Pressebericht: "Ein Sieg zugunsten der Ärmsten der Armen"

Betreuungsrecht-Reform: Prof. Gallhofer und Betreuer begrüßen Umschwenken - Gießener Zusammenarbeit "einmalig"

Gießen (kw)."Wir haben gewonnen. Und es ist ein Sieg zugunsten der Ärmsten der Armen" freut sich Prof. Bernd Gallhofer, Leiter des Zentrums für Psychiatrie im Klinikum der Justus-Liebig-Universität. Grund: Die vom Bundesrat noch ohne Gegenstimmen beschlossene Reform des Betreuungsgesetzes wurde nach der ersten Lesung im Bundestag letzte Woche vorerst verschoben. Die Punkte, die die Fachleute besonders kritisiert hatten, seien bereits gestrichen oder "wackelten", berichteten Gallhofer und die beiden Betreuer Thorsten Becker und Dr. Thorsten Stoy gestern in einem Pressegespräch. Zu verdanken sei das auch einer Diskussion im September in Gießen (die AZ berichtete), sagte Becker. Sie sei eine von deutschlandweit drei großen Informationsveranstaltungen zu dem Thema gewesen. Die berechtigte Kritik habe Wirkung gezeigt. Hauptberufliche Betreuer kümmern sich um erwachsene Menschen, die wegen psychischer Krankheit oder Behinderung nicht in der Lage sind, ihre rechtlichen Interessen selbst zu vertreten. Ihre Zahl wird bundesweit auf eine Million geschätzt. In etwa 80 Prozent der Fälle übernähmen Verwandte oder Bekannte diese Funktion ehrenamtlich, erläuterten Gallhofer, Becker und Stoy. Klienten der bundesweit rund 8000 Berufsbetreuer sind diejenigen, die allein stehen oder die so schwierig zu betreuen sind, dass das Ehrenamtliche nicht schaffen.

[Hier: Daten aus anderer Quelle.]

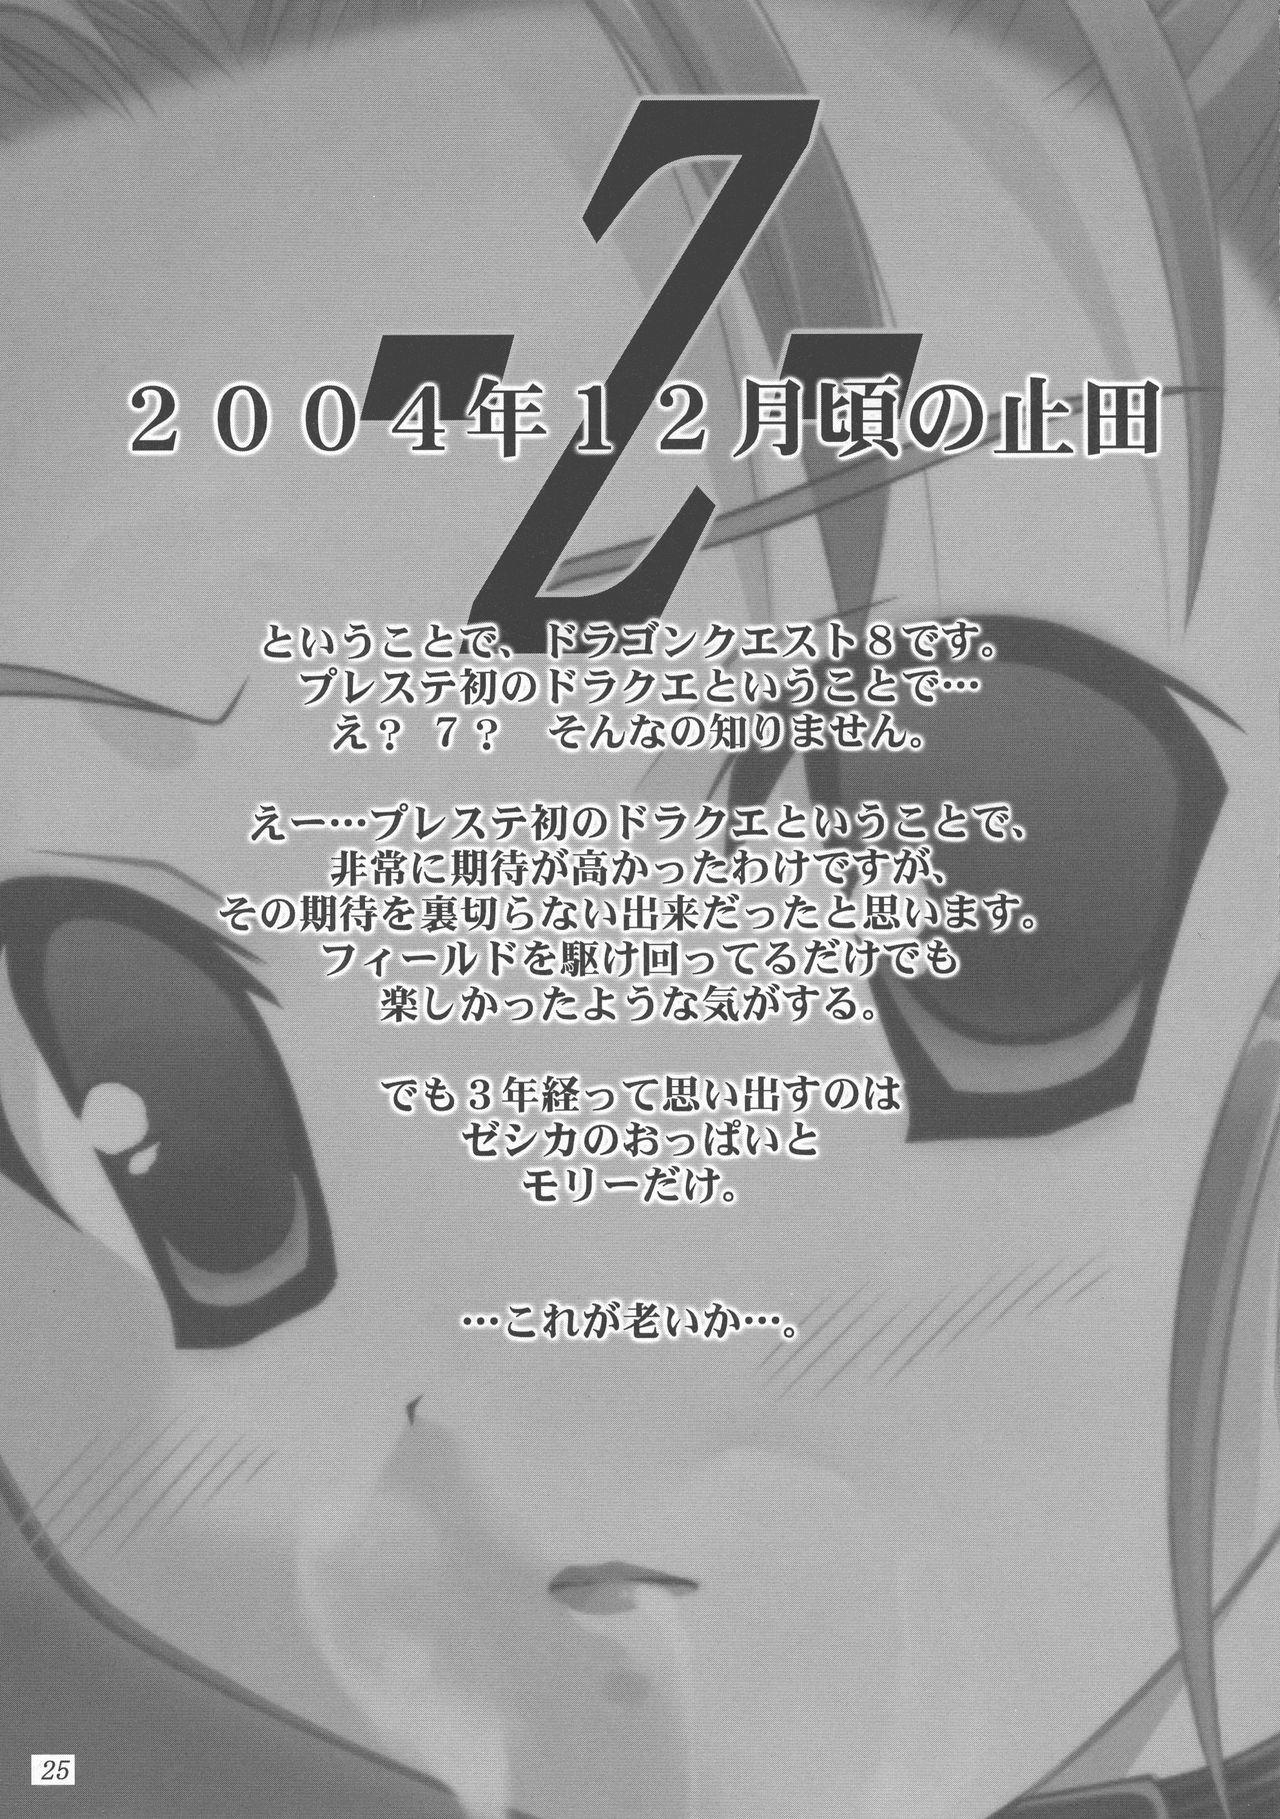 (C73) [ashitakara-ganbaru (Yameta Takashi)] ZIG-ZIG-ZIG 3 -2004~2005- (Various) 24

Vor allem sparen wollten die Länder mit dem Entwurt eines neuen Betreuungsgesetzes, denn mancherorts sind die Kosten in diesem Bereich geradezu explodiert. Das liege auch daran, dass das 1992 geschaffene Gesetzte erst einmal greifen musste, erklärten gestern die Gießener Fachleute. Schaue man nicht nur auf die Kosten für Berufsbetreuer, sondern auch auf die Gesamtausgaben, so seien bereits immense Summen gespart worden, betonten sie. Denn eine gute Betreuung ermögliche es vielen Menschen, zu Hause zu leben, die vor wenigen Jahren noch zum Daueraufenthalt in der Psychiatrie verurteilt gewesen wären - mit hohen Folgekosten, ganz zu schweigen von der Lebensqualität der Betroffenen. Gut könne die Betreuung aber nur sein, wenn sie einigermaßen angemessen vergütet wird. Ein Dorn im Auge waren den Fachleuten - Becker sprach gestern auch als Vertreter des Bundesverbands der Berufsbetreuer und Mitglied der Bundesarbeitsgemeinschaft, die derzeit Qualitätsstandards entwickelt - deshalb vor allem die knappen Zeitbudgets, die im Entwurf vorgesehen waren. Nur dreieinhalb Stunden pro Monat sollte pauschal für jeden zur Verfuegung stehen, der länger als ein Jahr aus der stationären Psychiatrie draussen ist. Laut Gallhofer zu wenig selbst für die einfachsten Klienten: "Wir müssen diese Leute verteidigen. Wir kämpfen nicht um unsere Pfründe."

"Fünf bis sieben Stunden" wären nötig, meint Becker. Eine Solche Pauschale wäre zu verkraften trotz des häufigen Mehraufwands etwa dann, wenn jemand in einer Krise nachts die Nachbarn bedroht oder sich vor einen Zug werfen will. Derzeit dokumentiert jeder Betreuer, was er getan hat, und bekommt diesen Aufwand mit 31 Euro pro Stunde erstattet. Dass das künftig unbürokratischer mit einer Pauschale geregelt werden soll, heißt Becker gut: Damit werde auch das Ziel erreicht, effiziente Arbeit zu belohnen. Ausnahmeregelungen müssten für Borderliner und Menschen mit Doppeldiagnosen gelten, die sehr viel Betreuung benötigen.

Der Berufsstand der Betreuer sei in einem Rundumschlag "verunglimpft und entmutigt" worden, kritisierte Gallhofer. "In Deutschland einmalig" sei die enge Zusammenarbeit der Betreuer der Psychiatrie und des Amtsgerichts in Gießen, betonte Stoy. Es habe sich eine gut funktionierende Interessengemeinschaft gebildet. Sie wolle weiterhin "der Politik auf die Füße treten" und demnächst mit heimischen Abgeordneten über die Reform sprechen.